Over the past months, the hotel had developed into a kind of free zone that welcomed both sides in the conflict. The RIC men and soldiers used the residents’ bar; IRA men and their political representatives in Sinn Féin, the main lounge. There had never been any trouble in the hotel and O’Keefe didn’t expect there ever would be. He explained this to Wells as Murphy was fetching the bottle. Murphy returned and enquired after their health and welfare as he poured out two glasses of the Bushmills, commenting on the weather and the football from England. O’Keefe imagined he did the same with the local boys out front, substituting some comment about the weekend’s Gaelic matches for the soccer.

Wells gulped his whiskey and put his glass back down on the bar, taking his billfold from inside his overcoat. O’Keefe took out his own and his money was halfway to the bar when Wells handed the publican his price.

Murphy took the money and wedged it into a pocket of his waistcoat. ‘Now, gentlemen, I’ll leave you to your bottle. It’s black with people out front it is.’

O’Keefe nodded and tipped his glass to the publican.

Wells spoke up. ‘Thank you, Mr Murphy. One question, if you don’t mind?’

‘Certainly not, sir.’ He smiled benignly.

‘The Bushmills, Mr Murphy. Do you sell much of it in the lounge?’

Murphy, still smiling, replied, ‘Of course, sir. A most popular whiskey, Bushmills. The boys would hardly do without it, would they?’ He left through the swing doors.

Wells took another drink, then turned to O’Keefe. ‘I’m beginning, I think, to understand your country a bit better, Sergeant.’

O’Keefe raised his glass, ‘To my country, Major, a bit better.’

The surgeon laughed and drank, and O’Keefe did the same. O’Keefe liked the man. He seemed adaptable, non-judgemental.

‘One more question, Sergeant – forgive me.’

O’Keefe nodded for him to continue.

‘If you know there are active IRA men in the front bar, Sergeant, why don’t you simply arrest them?’

O’Keefe lit a cigarette from a crushed box of Players’ Navy Cut.

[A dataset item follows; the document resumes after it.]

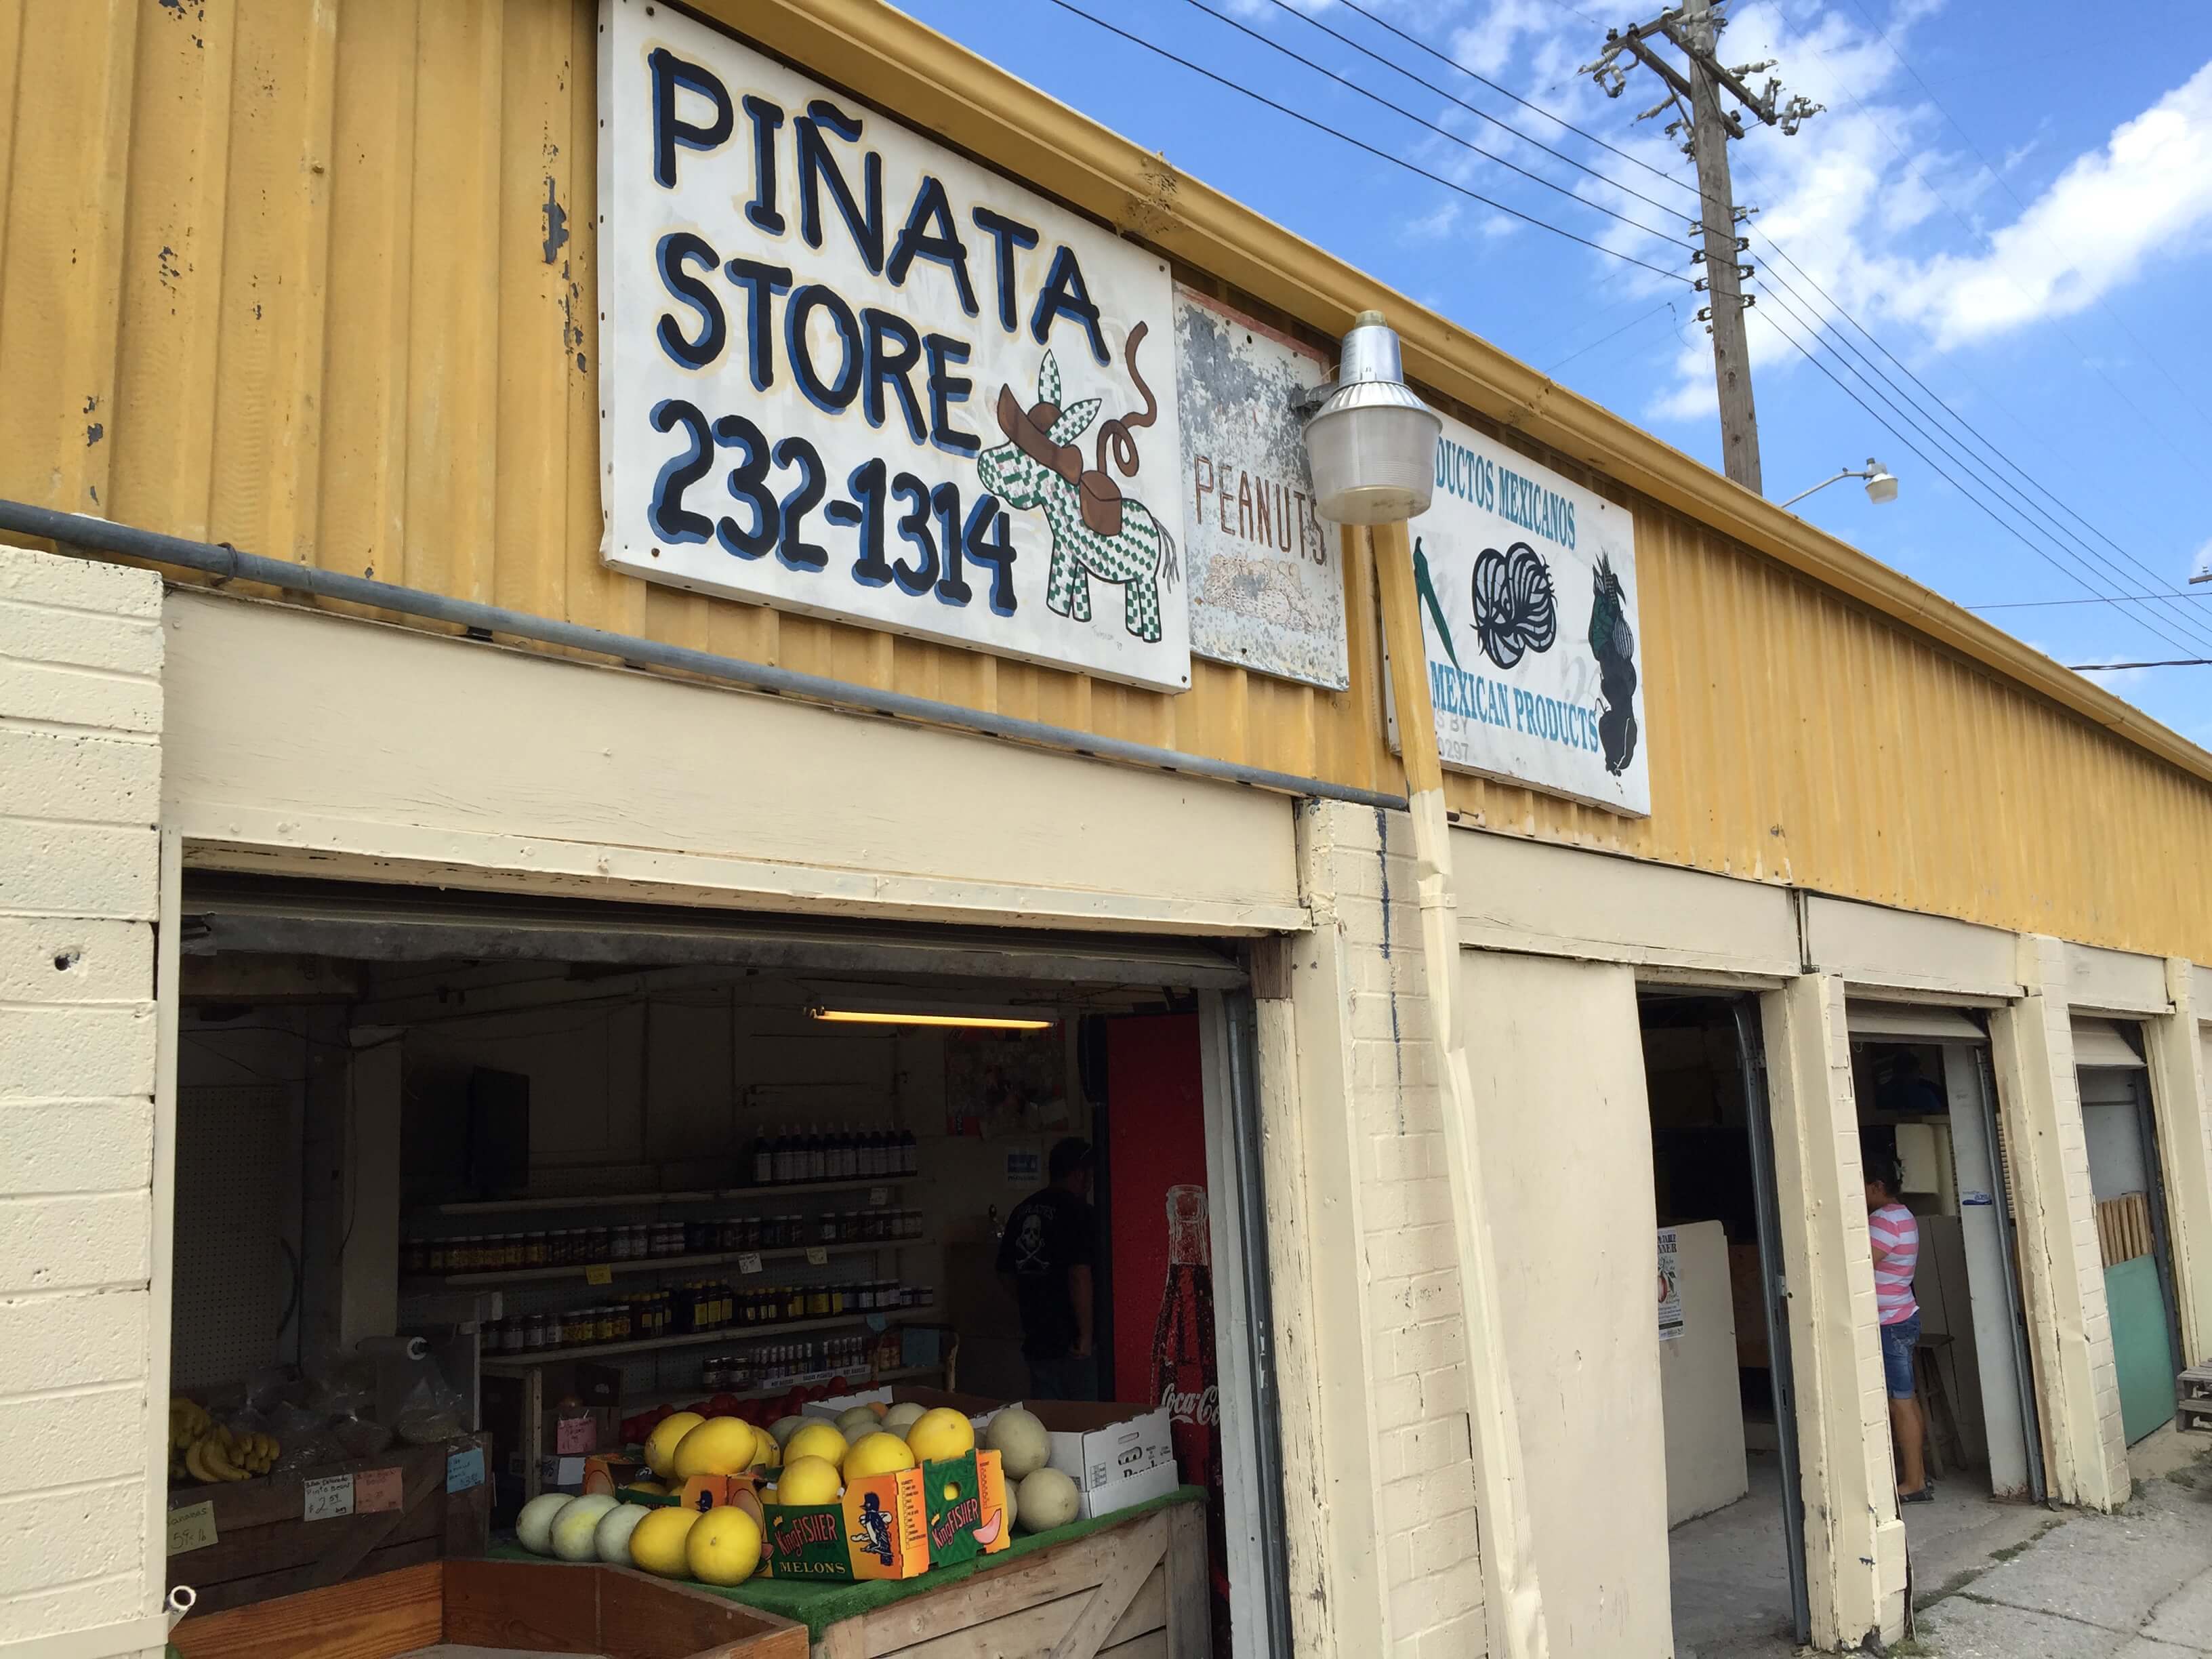 Pinata Store

Exhaling, he said, ‘If I did that, who’d Murphy sell his bootleg Bushmills to?’

Wells laughed. ‘Seriously though, why don’t you?’

‘Me personally?’

‘No, but surely there are only so many of them. Why doesn’t the RIC and the army simply arrest them all, lock them up and ship them off to their cousins in America or some other bloody place?’

‘There’s many who’d like to, believe me. Lock up every Irishman of fighting age. It would be one way of dealing with the problem. But
your
countrymen wouldn’t stand for it. Imagine the letters pages to the
Manchester Guardian
and
The
Times
: citizens of the Crown arrested on mere suspicion of being involved in insurrection. The public wouldn’t tolerate it because they’d know it could be themselves next. The army interning every miner, dockworker or railwayman who went on strike or who was suspected of being a union member? They find the curfews and courts-martial of the Restoration of Order Act bad enough as it is, and I can’t say I disagree. ’

‘But this is a different situation to striking miners, Sergeant. This is a war …’

‘It is? Do you see a war on, Major? I don’t. I see what the readers of the morning papers see. I see British citizens under curfew, arrested and placed under courts-martial, citizens like any other in England, Scotland or Wales. Citizens assumed to be innocent until proven guilty and a free Press to keep an eye on it all. The fellas on that side of the wall can’t be arrested because the good people of England wouldn’t stand for it.’

The surgeon thought it over for a minute. ‘Unless you suspect they’ve done something, committed a crime?’

‘Of course then we can arrest them. Readers of
The
Times
are against crime as a rule. Law and order types. Crime won’t do, sure it won’t?’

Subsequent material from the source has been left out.